We got home in the afternoon on Labor Day, the day before school started, and I spent most of the night reading and getting ready for the next day. In the morning, I rose groggily at 6:30 in the morning and drove to school for the first time. This was also the first time I had driven alone, which I found is much easier than driving with my ever-judging parents and sibling. The school wasn’t hugely different from the way it was last year, except for some new paint and a lot of new freshmen to trod over accidentally (I swear, I can’t walk anywhere anymore without stepping on one; they’re always annoyingly underfoot). I went and saw my beloved Ms. Pawlowski, my old IB English teacher, and we talked a bit about Stanford. Then I spent 45 minutes twiddling my thumbs in a study hall before my first real class, IB English. The new teacher was Mr. Meyers, a somewhat weird but exceedingly funny man who was the supervisor for the Writing Center tutoring program last year. His sarcastic brand of humor produces awkwardness sometimes, but it’s really funny once you’re used to it.

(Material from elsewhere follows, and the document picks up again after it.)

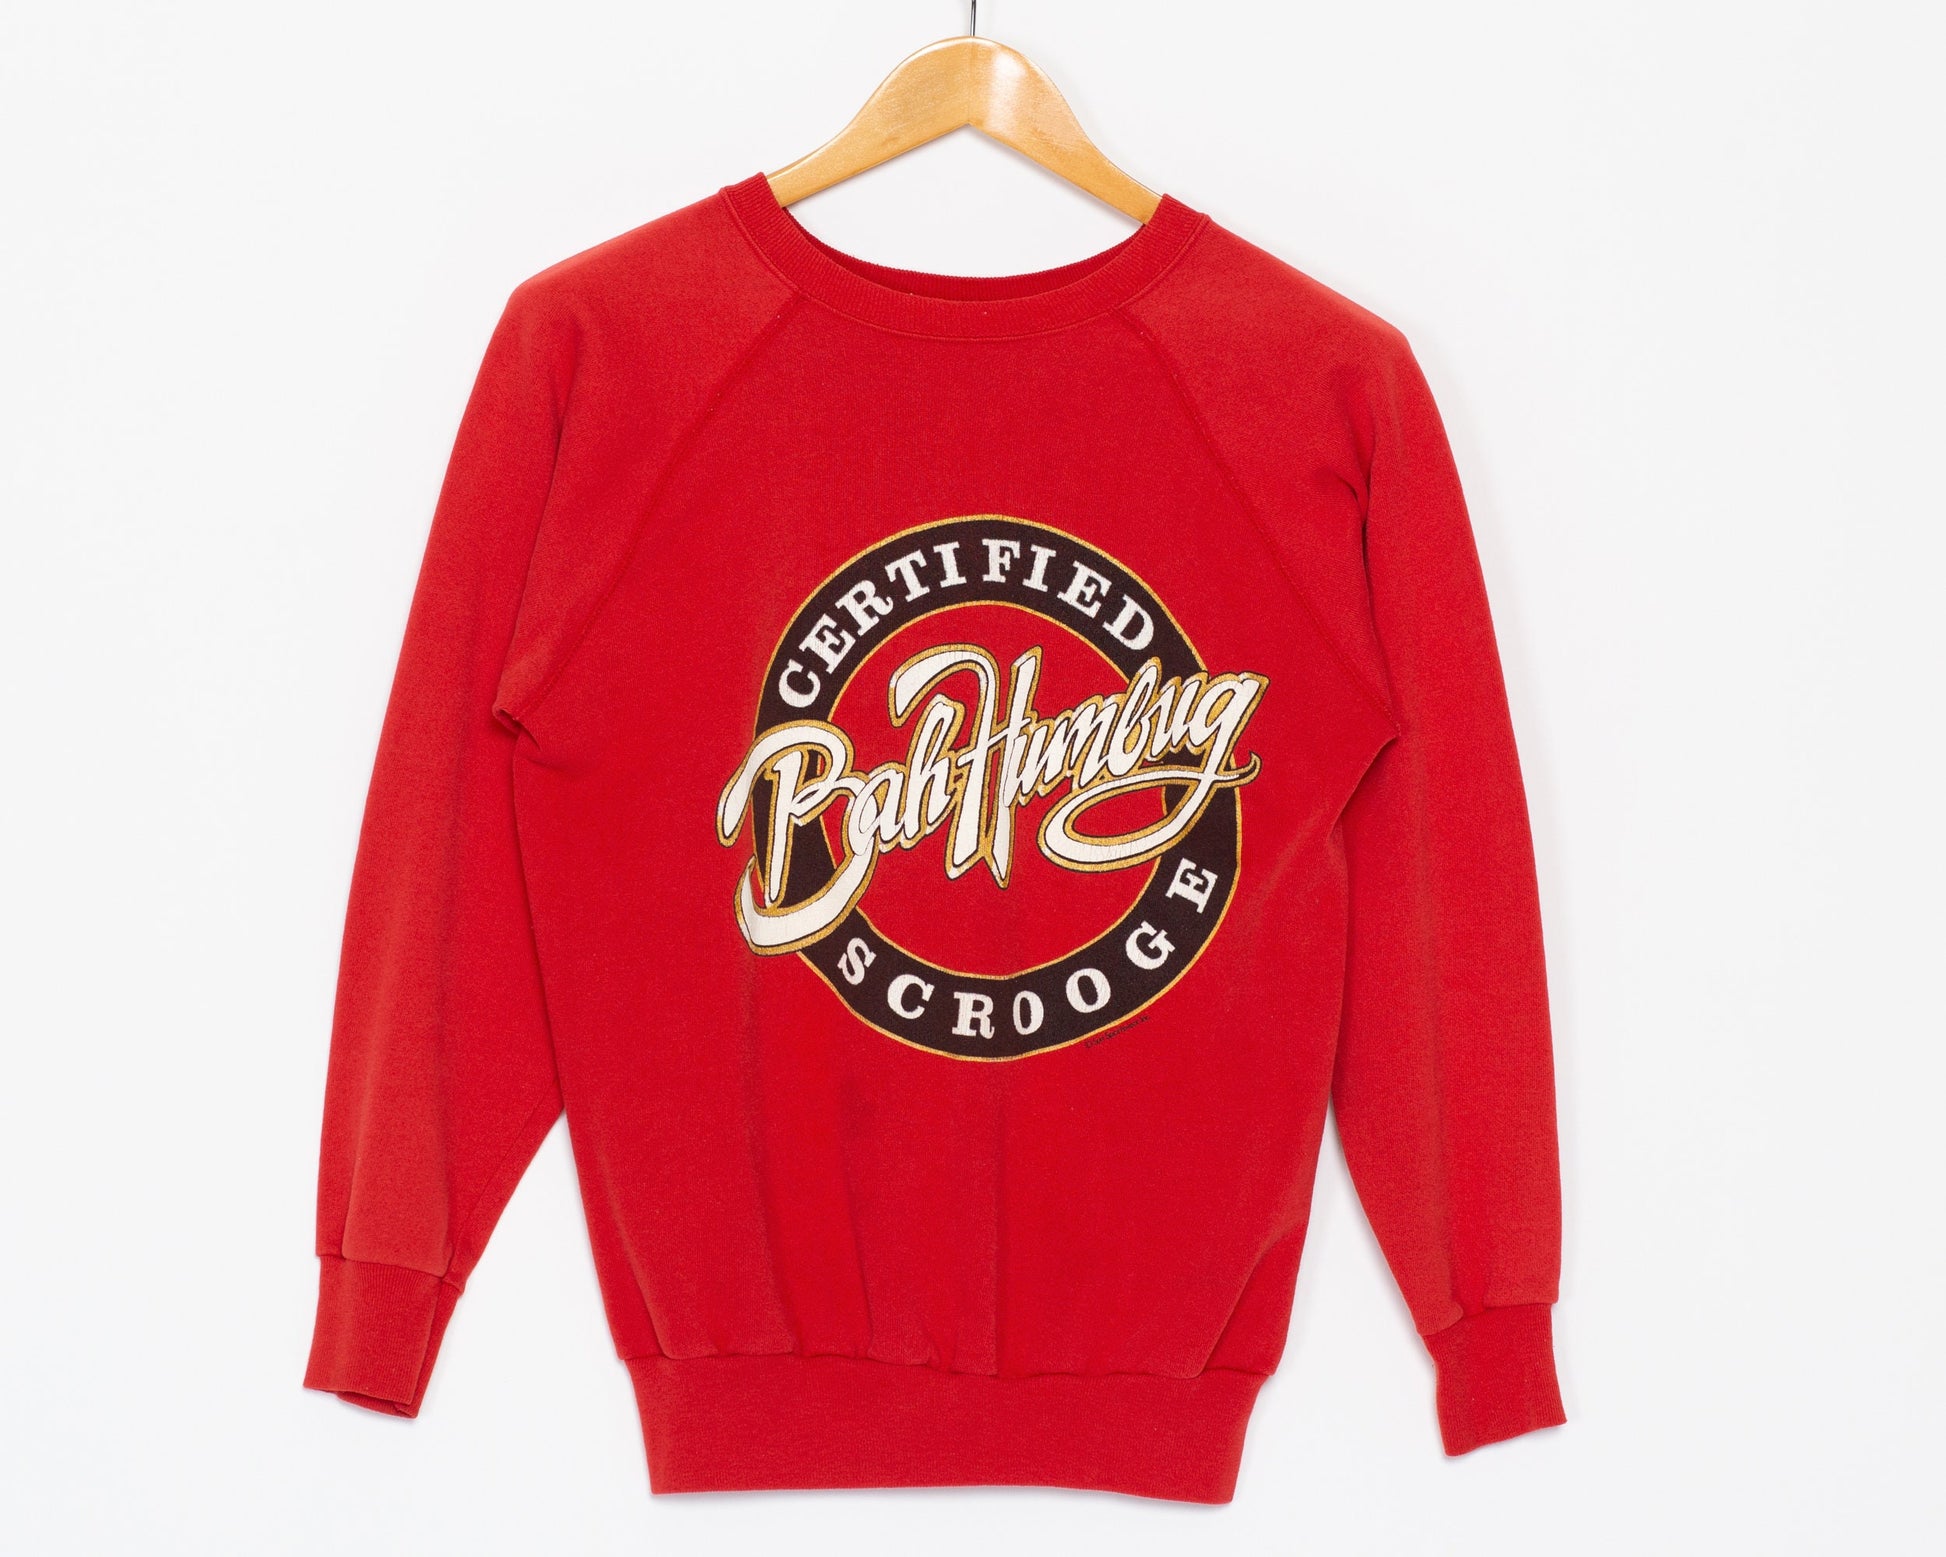 M-L| 80s "Bah Humbug" Certified Scrooge Sweatshirt - Men's Medium Short, Women's Large | Vintage Red Raglan Christmas Carol Graphic Crewneck

The second “new” teacher was for IB History of the Americas, someone who wasn’t really new to me because he’s also my extended essay supervisor. As a teacher, he’s not bad, but he seems a little on the boring side compared to some I’ve had. Luckily, I don’t need a wacky teacher to make history exciting for me. With the first two teachers, we (”we” being myself and the other IB kids) had expected a change of instructors, but the teacher of our third class, IB Spanish, came as a surprise. Instead of the sorta-okay-but-nice Mrs. Mailander, we had the really-great-and-nice-but-tough Mrs. Chaussée, who I had as a junior. Unfortunately, I didn’t get to stay for all of Spanish because I got randomly summoned to the front office. When I was first given the note, I figured that it probably had something to do with my schedule or some other first-day business, but it turned out that I was way off. My counselor smiled a bit wider than normal at me as I came into his office, which I was unable to interpret as good or bad. It turned out to be good: the school had been recently notified that I was a National Merit Semi-Finalist, the only one from my graduating class. According to the counselor, OHS had a semi-finalist last year, but usually there’s only one every two to three years, so this was kind of a big deal to the administration people, who seem to be watching my every move lately. Obviously, I was elated at this news; it kind of made my day/week. My parents were as well - relatives were notified, congratulations were given, etc. I have about a 90% chance (according to the information packet) of becoming a National Merit Finalist (it’s all contingent on my grades, an essay about myself, and a recommendation from a teacher), which then makes me a stronger candidate for scholarships, such as a $2500 grant from the National Merit Scholarship Corporation and other random monies from corporations and universities who decide that they like me. It’s a good award to get.

I once wrote fairly often about feeling that my life didn’t have much of a direction, that I was in school for no real reason except because it was all I knew how to do and all I really cared about. I talked a lot about how I just wanted some kind of concrete goal to shoot for, a proverbial candlestick over which to proverbially jump. After Stanford, it became obvious to me that my primary goal in life was now to get into Stanford, or at least into a similarly good college where I could be happy. Now that I’ve been nmsfed, it seems that the golden equation is now: acceptance at Stanford + National Merit Scholar award = ticket to Heaven (the über-indulgence). Or something like that.

Must sleep now, school tomorrow. Will write more soon. Then may start using pronouns again. Maybe.

BTW: The title refers to the Barenaked Ladies song “One Week.” I know it’s a stupid title. Sorry. Also: el blog is now just over 250,000 words long. Yay for statistics.